Input data:
☆ ☆ ☆ ☆ ☆ ☆ ☆
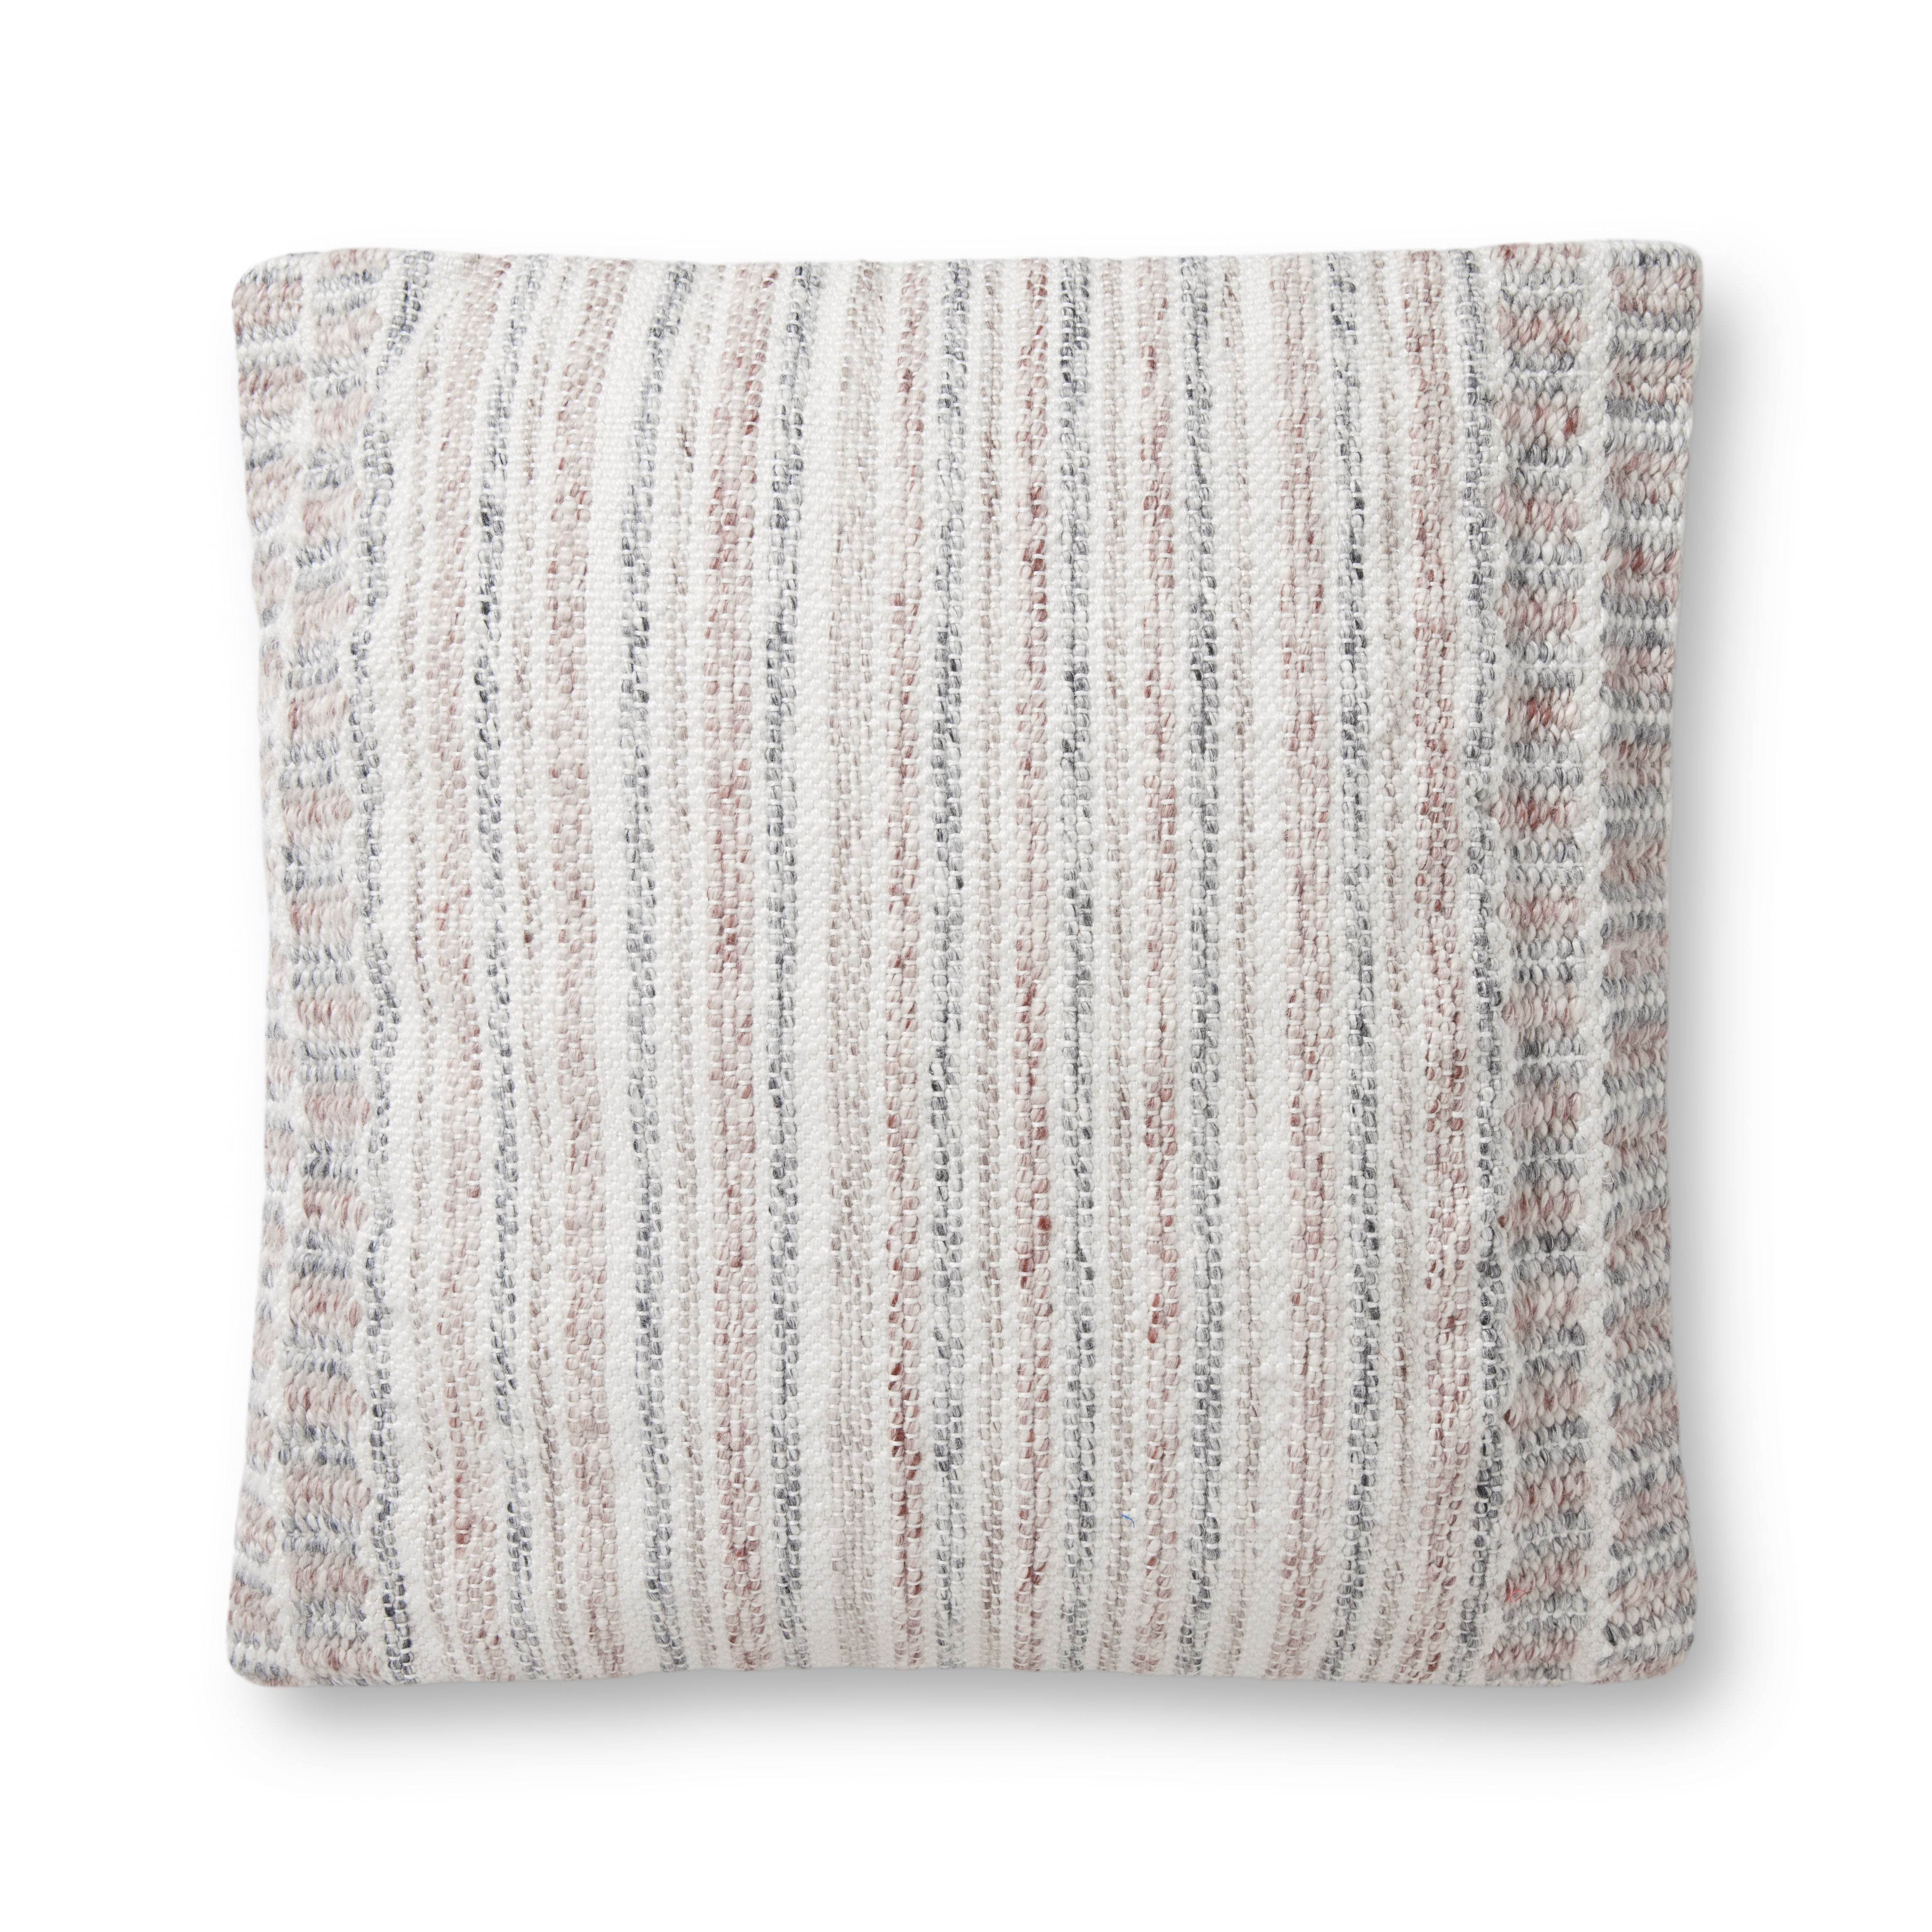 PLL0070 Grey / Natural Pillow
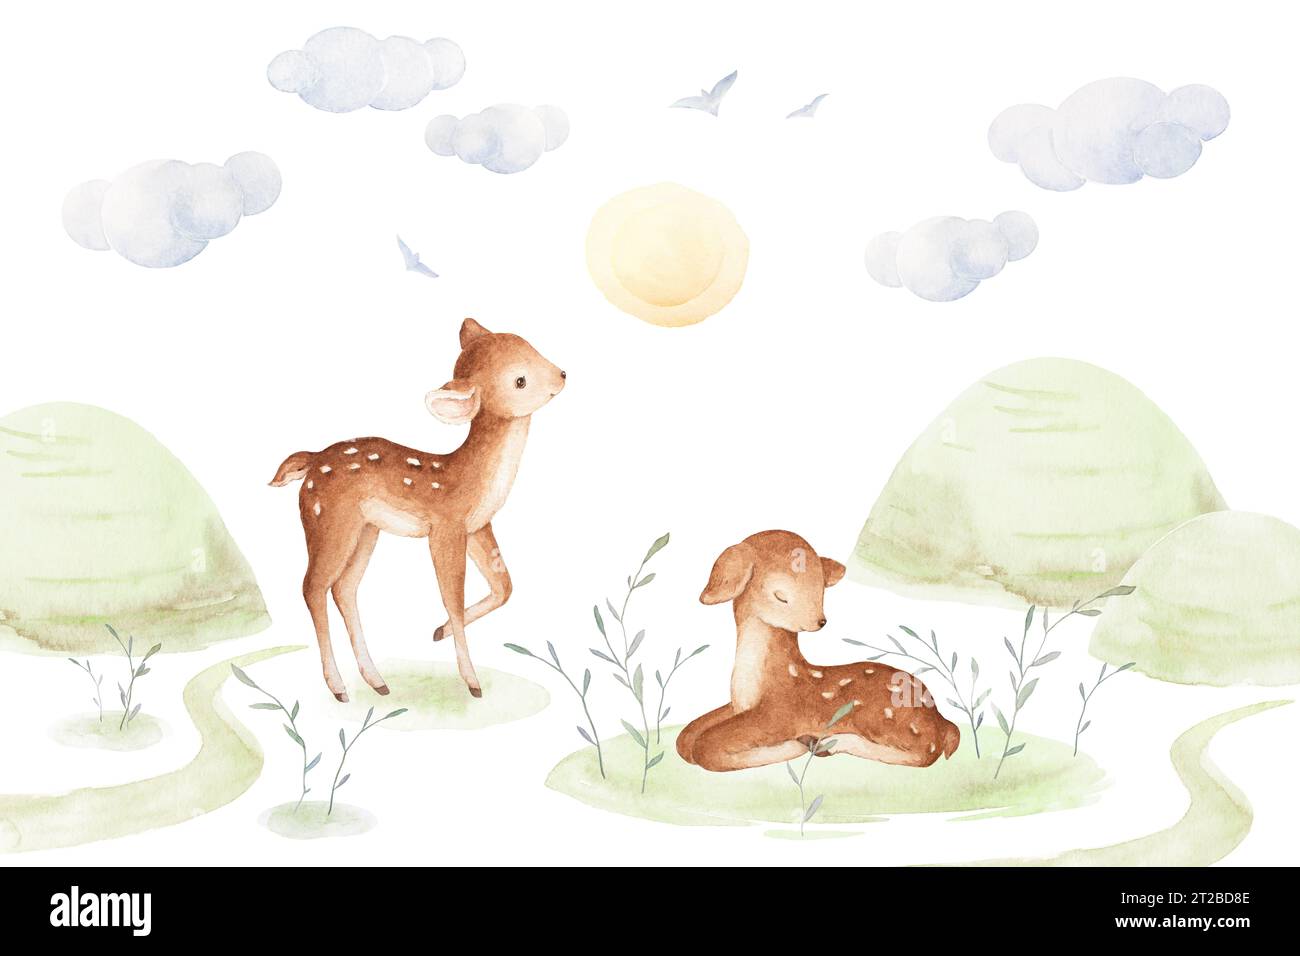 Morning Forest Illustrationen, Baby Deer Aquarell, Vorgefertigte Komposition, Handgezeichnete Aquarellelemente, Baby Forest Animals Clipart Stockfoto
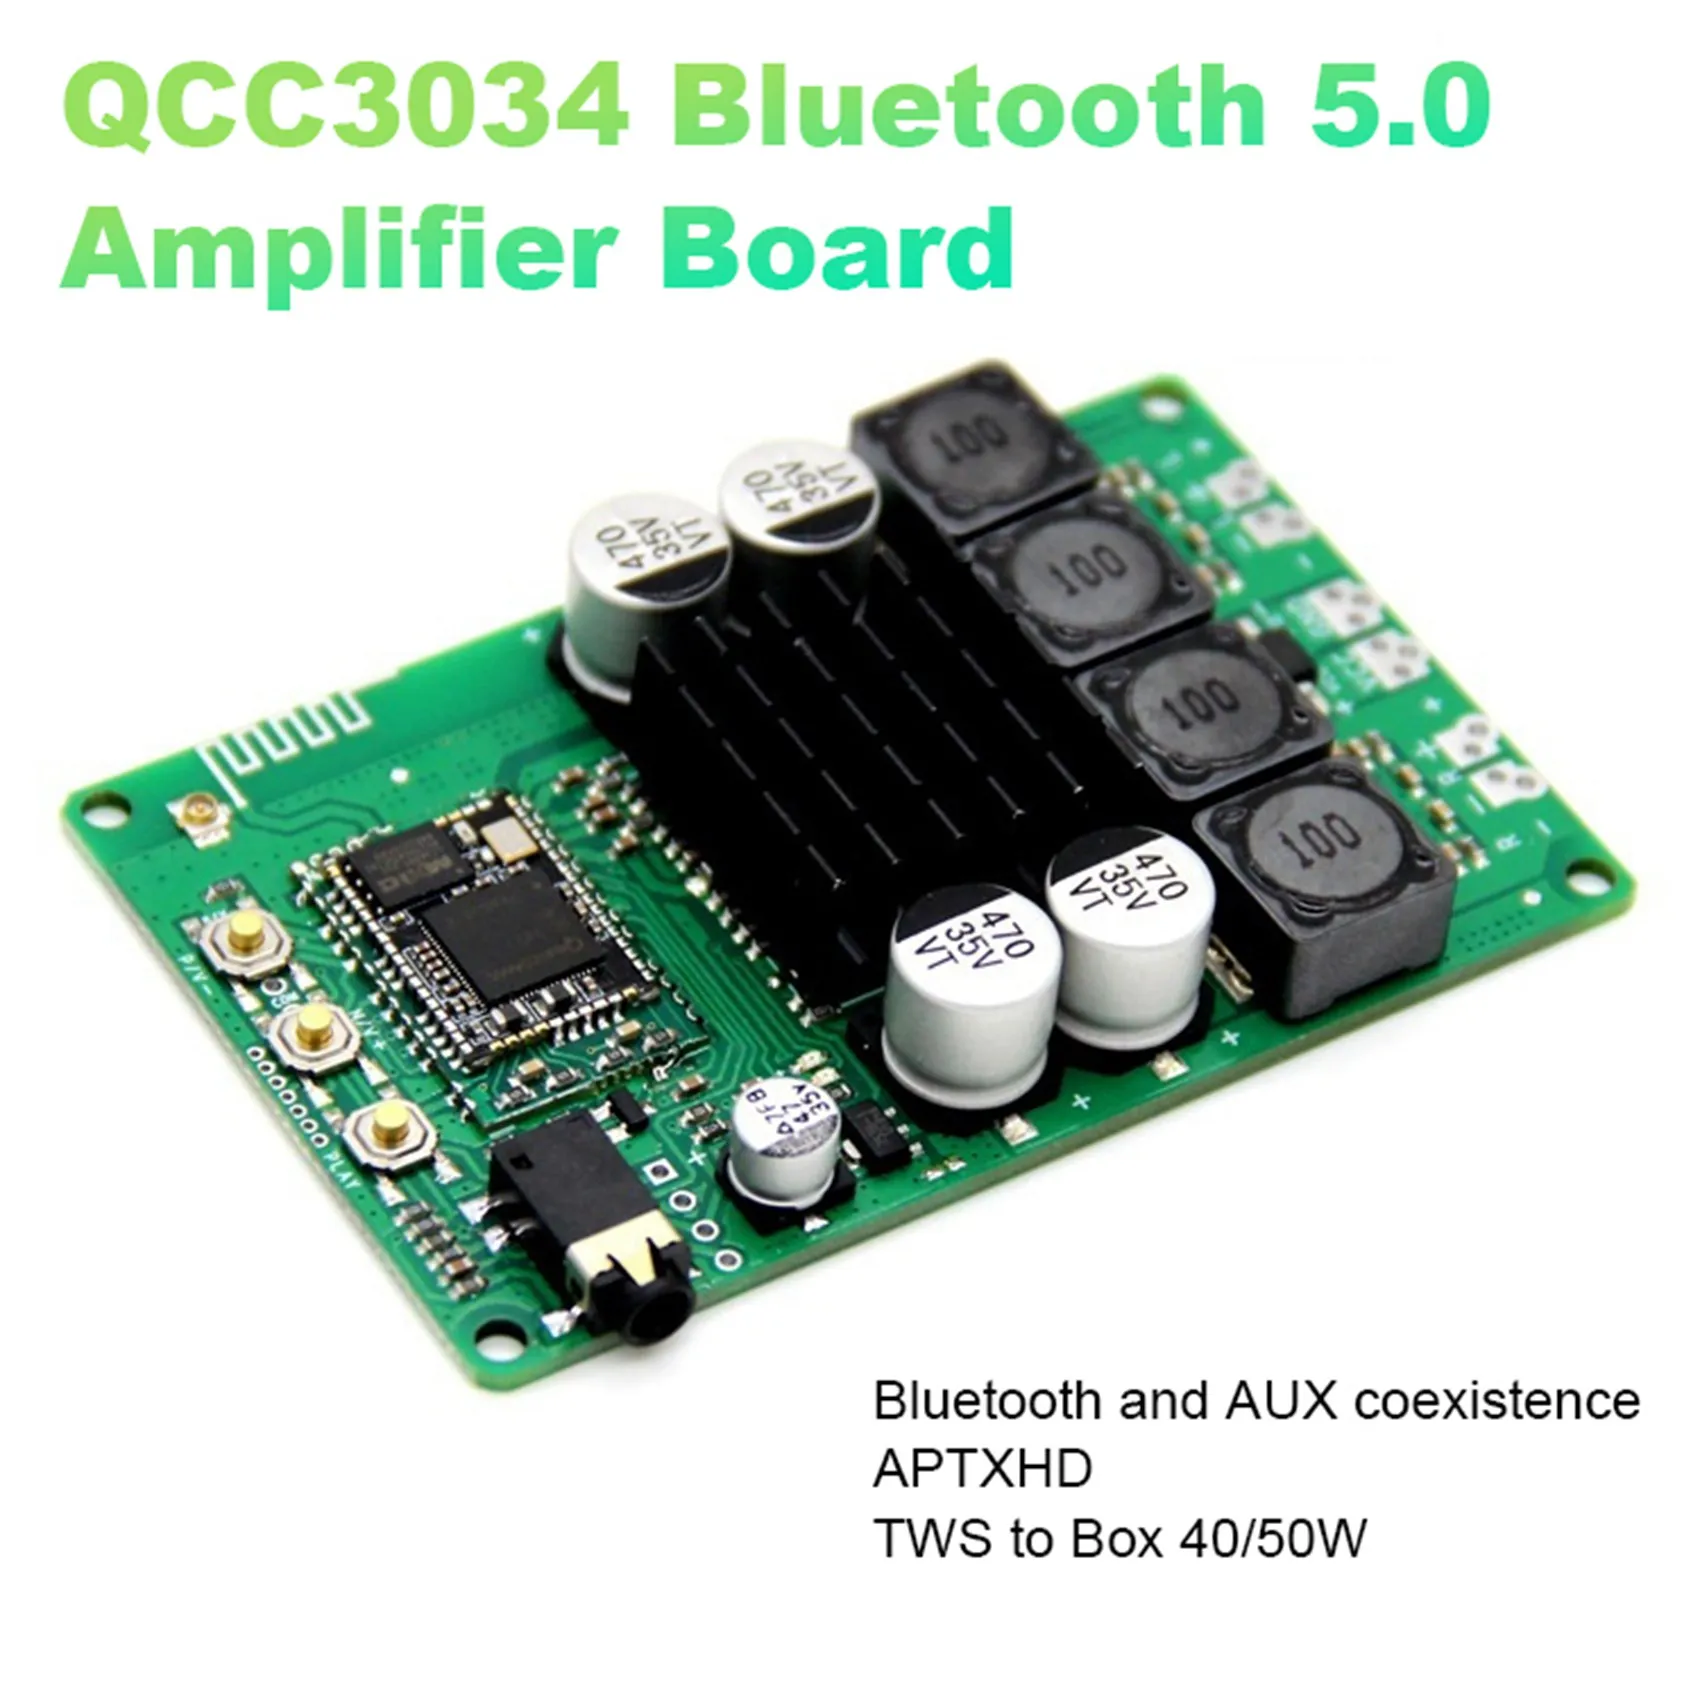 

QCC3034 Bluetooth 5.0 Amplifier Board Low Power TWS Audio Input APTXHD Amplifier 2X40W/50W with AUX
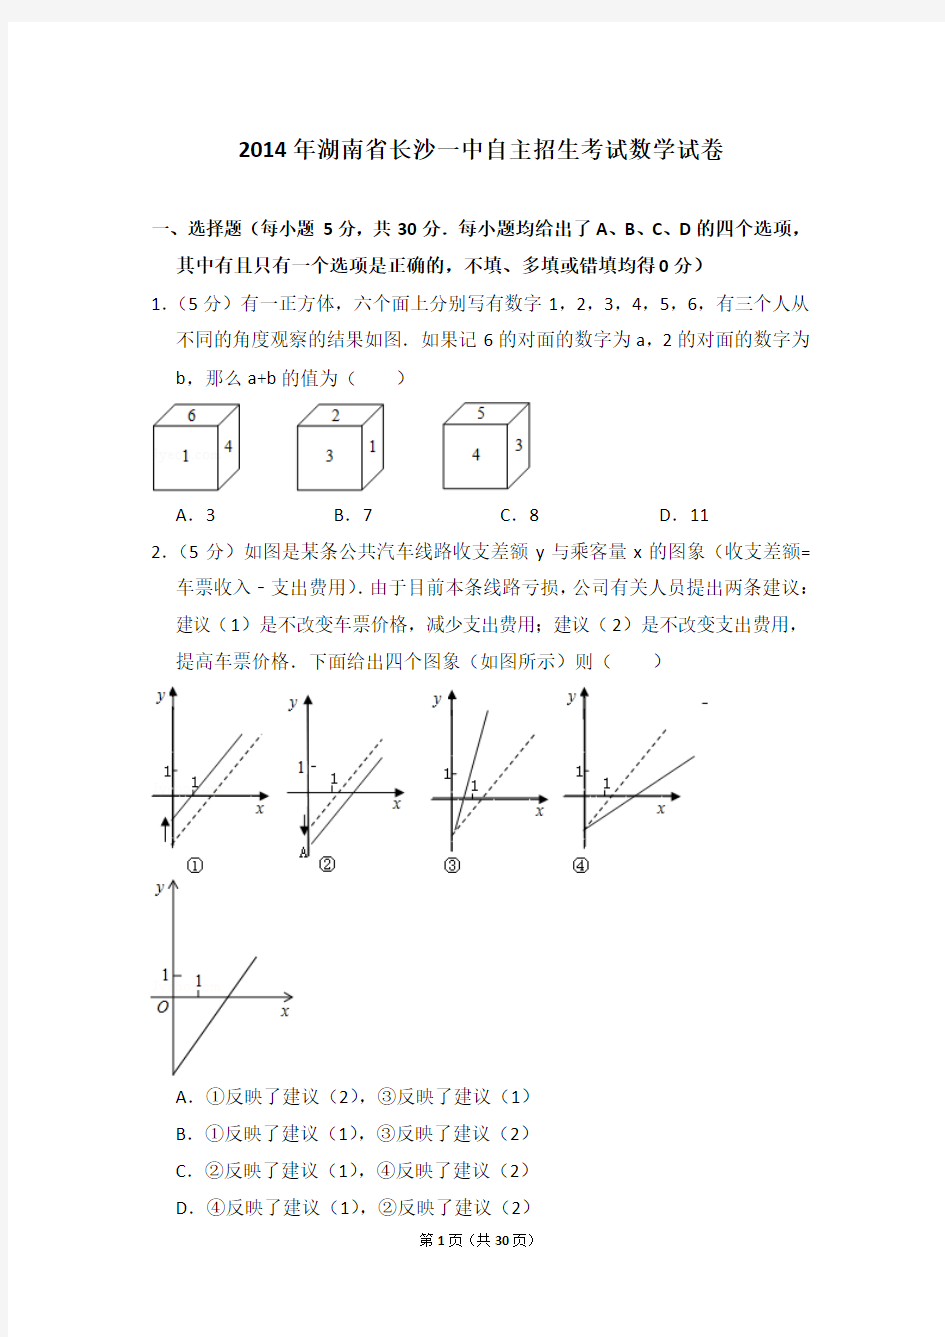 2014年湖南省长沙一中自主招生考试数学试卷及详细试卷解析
☆ ☆ ☆ ☆ ☆ ☆ ☆
Your goal:
To complete this exercise, repeat exactly the lines above from the one holding "Morning Forest Illustrationen, Baby" to the end of the listing, both included, and leave the pictures out.

Task output:
 Morning Forest Illustrationen, Baby Deer Aquarell, Vorgefertigte Komposition, Handgezeichnete Aquarellelemente, Baby Forest Animals Clipart Stockfoto

QCC3034 Bluetooth 5.0 Amplifier Board Low Power TWS Audio Input APTXHD Amplifier 2X40W/50W with AUX
 2014年湖南省长沙一中自主招生考试数学试卷及详细试卷解析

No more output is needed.